* _ABOUT THIS TASK_:
Write the data below out exactly as it stands. Do not include the pictures.

* _STORED DATA_:
-- Opening Marker --

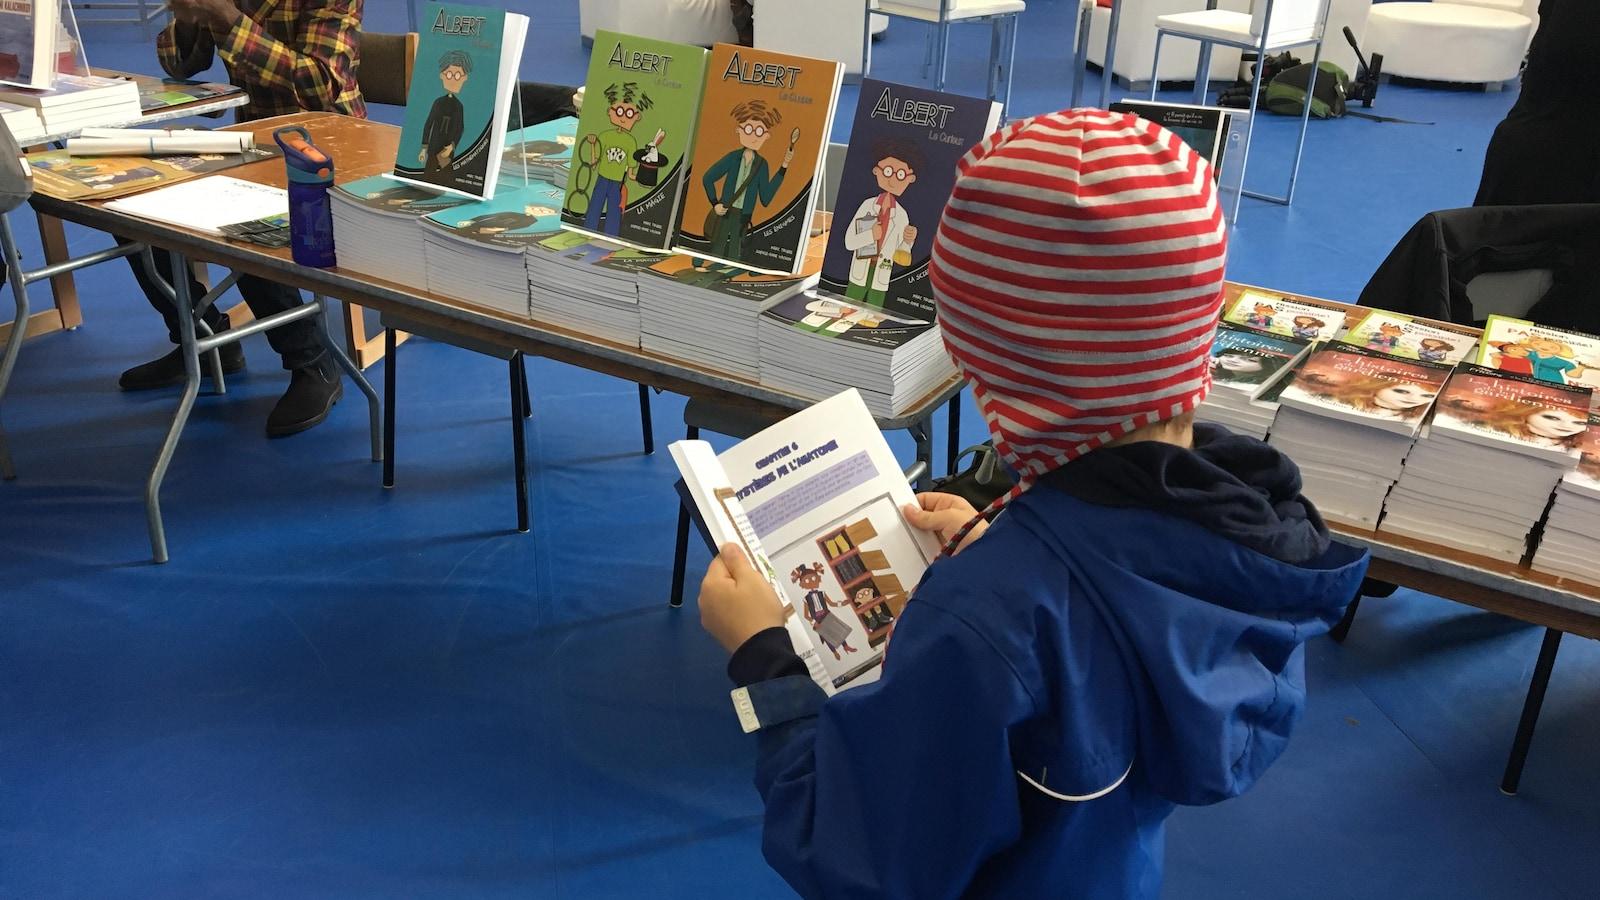 Un jeune garçon lit un livre.
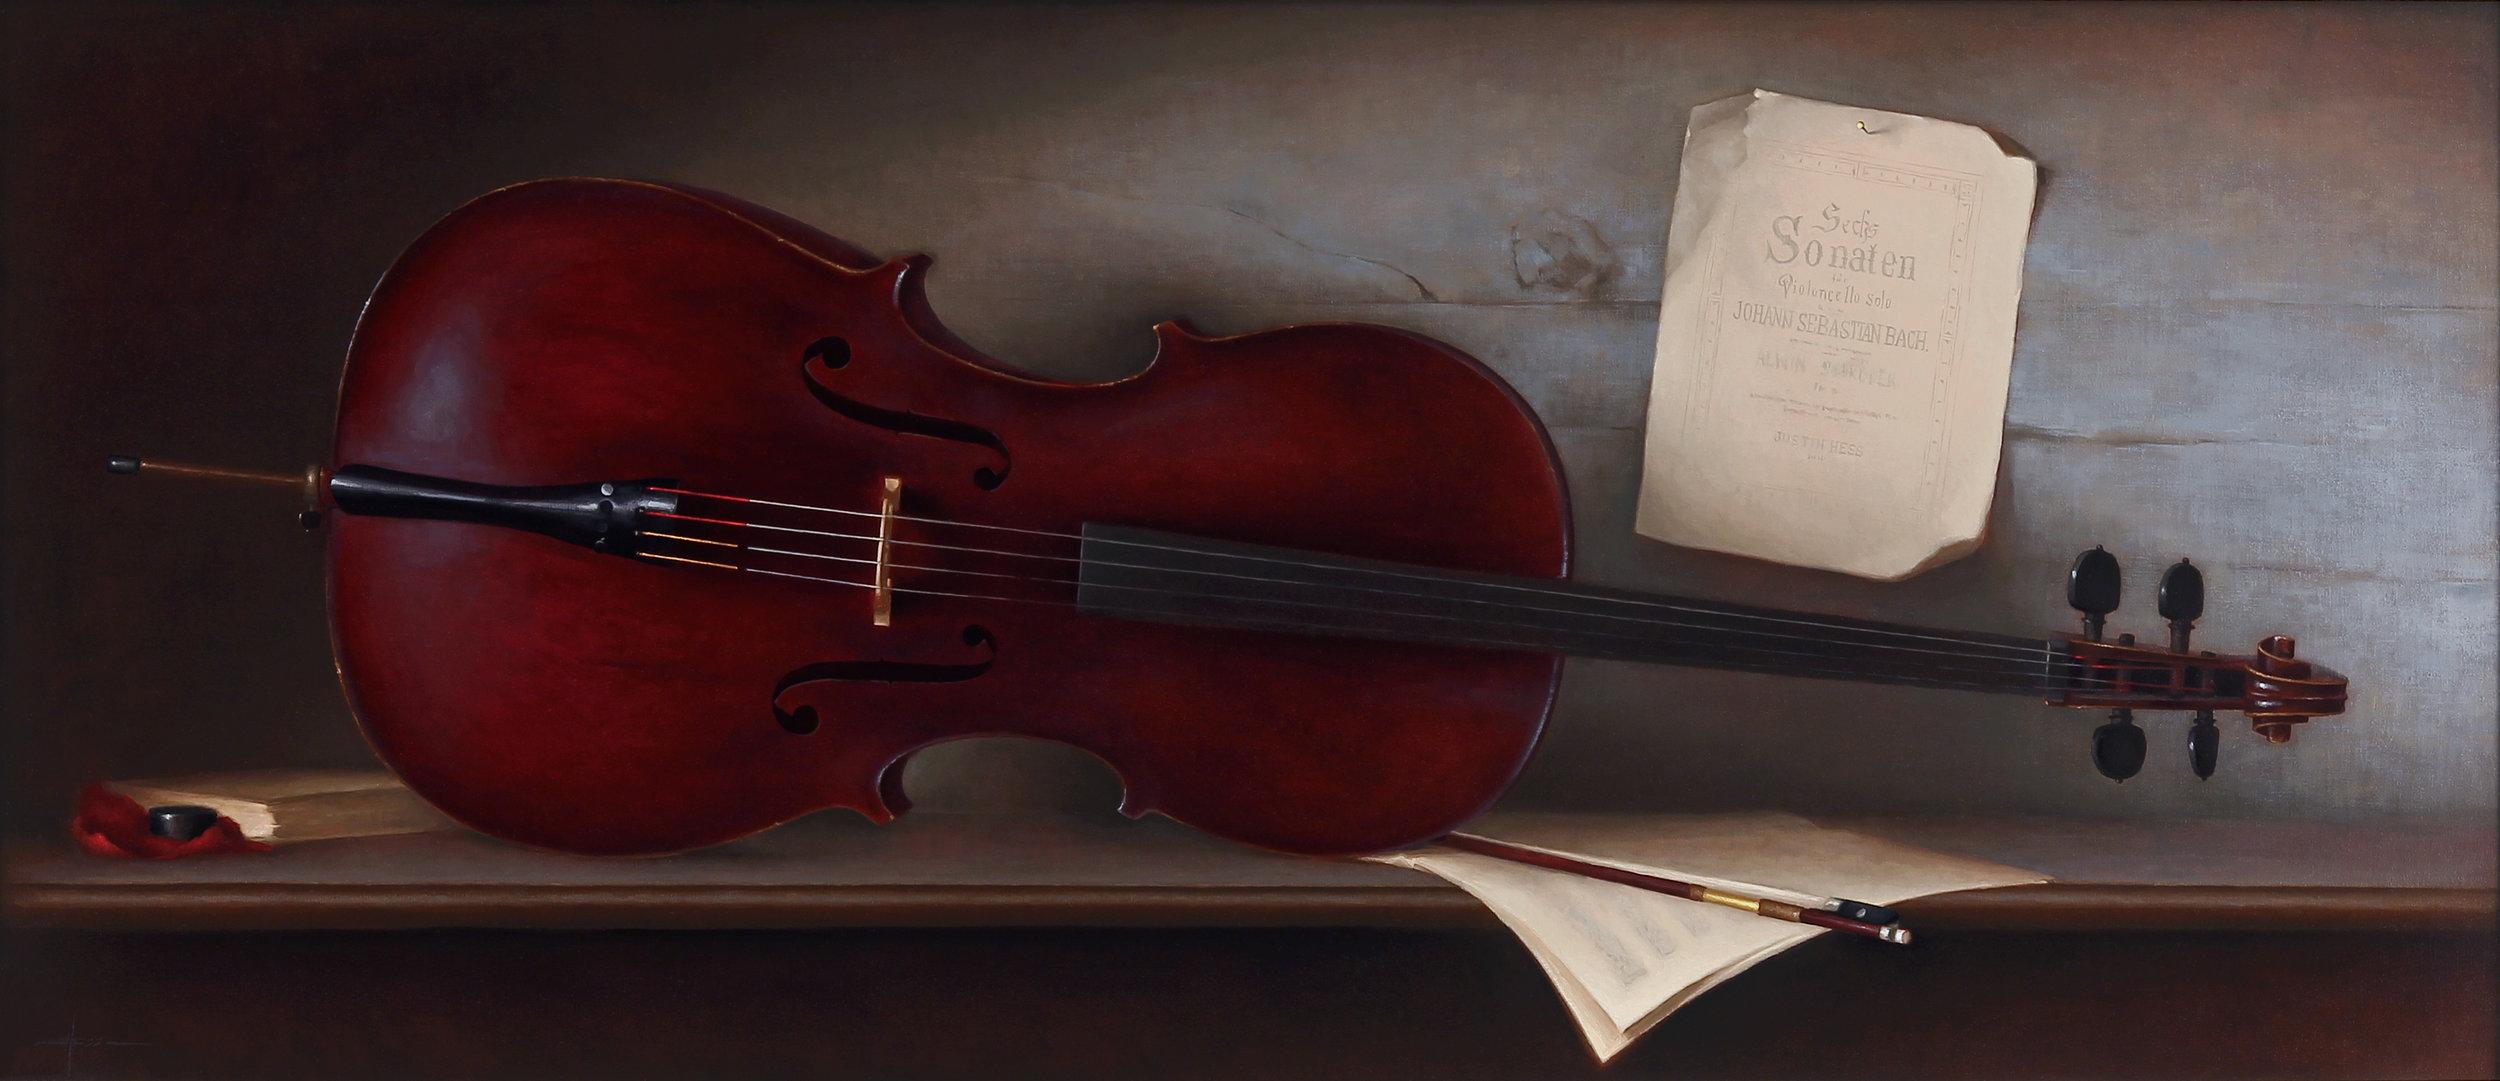 The Old Cello (300 dpi).jpg
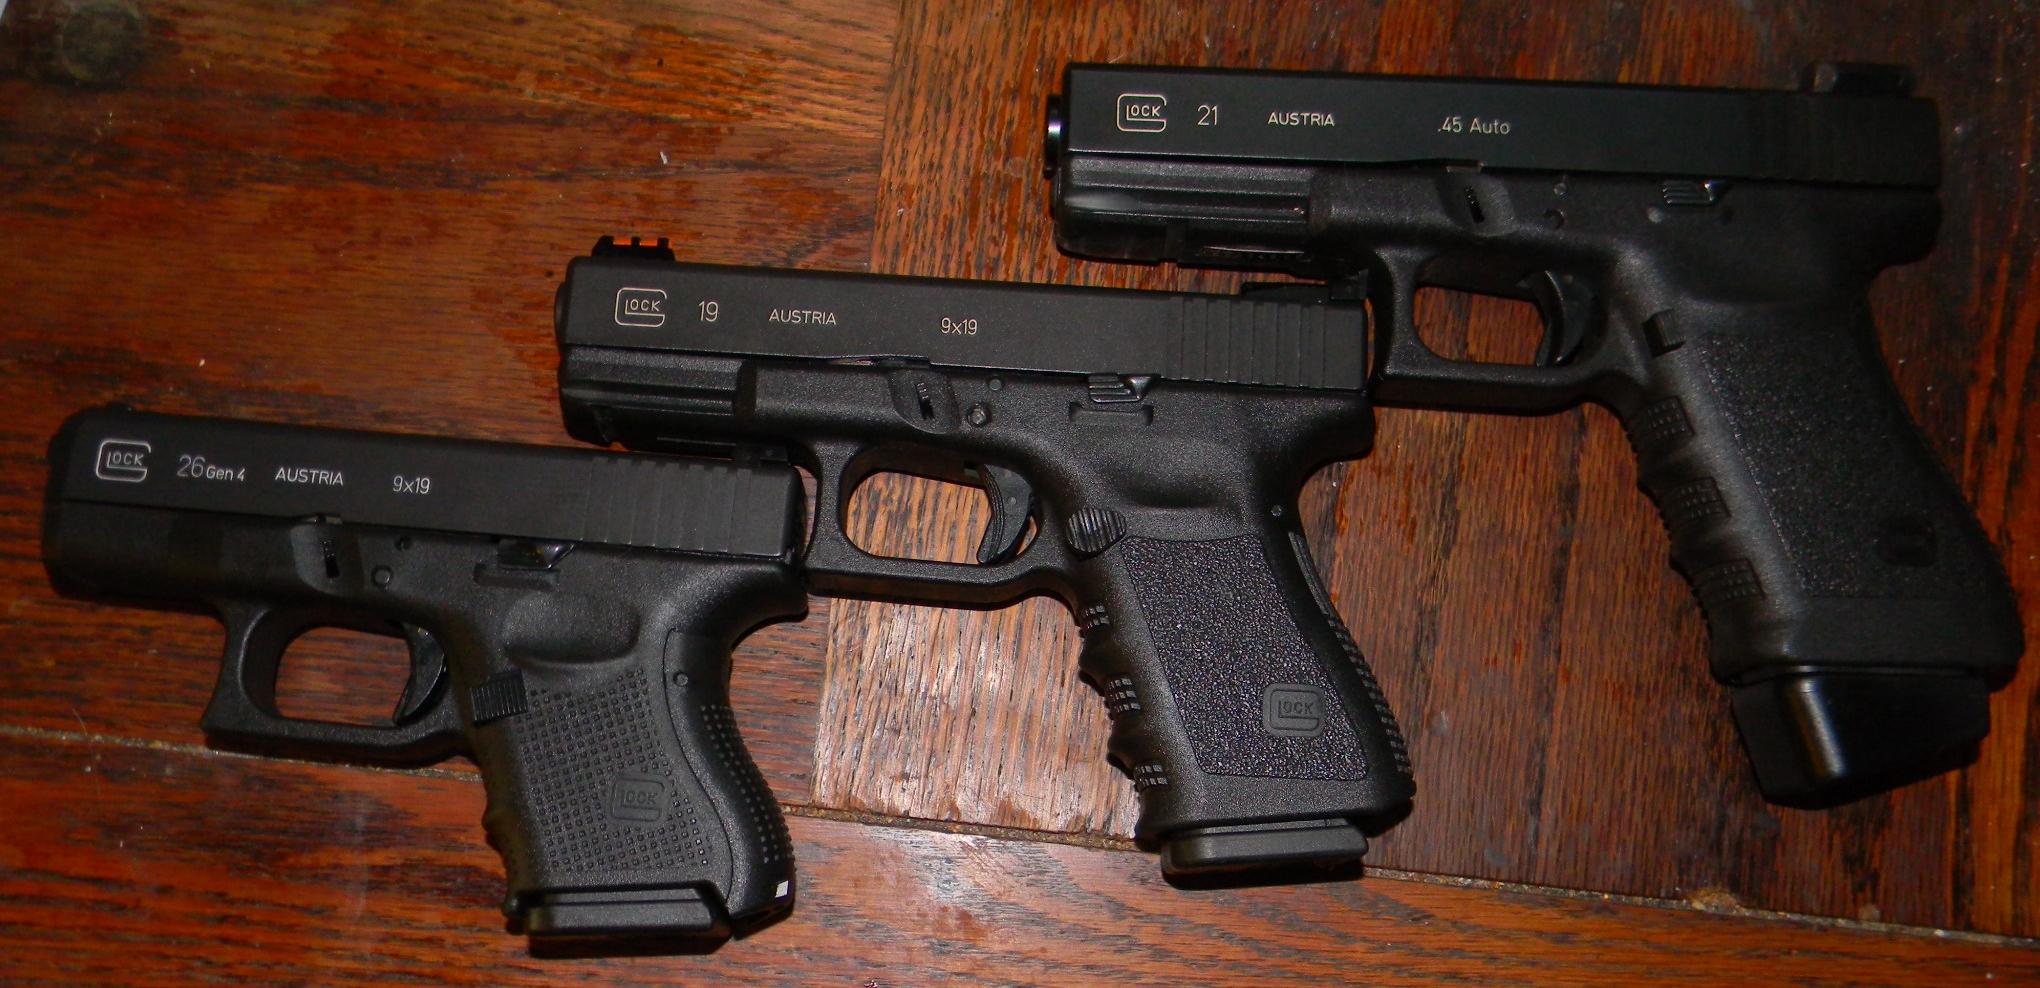 Baby Glock 40 Glock 26 Semi Automatic Pistol Austria Top Ten 40

-- Closing Marker --

* _PROBLEM SOLUTION_:
 Un jeune garçon lit un livre.
 The Old Cello (300 dpi).jpg
 Baby Glock 40 Glock 26 Semi Automatic Pistol Austria Top Ten 40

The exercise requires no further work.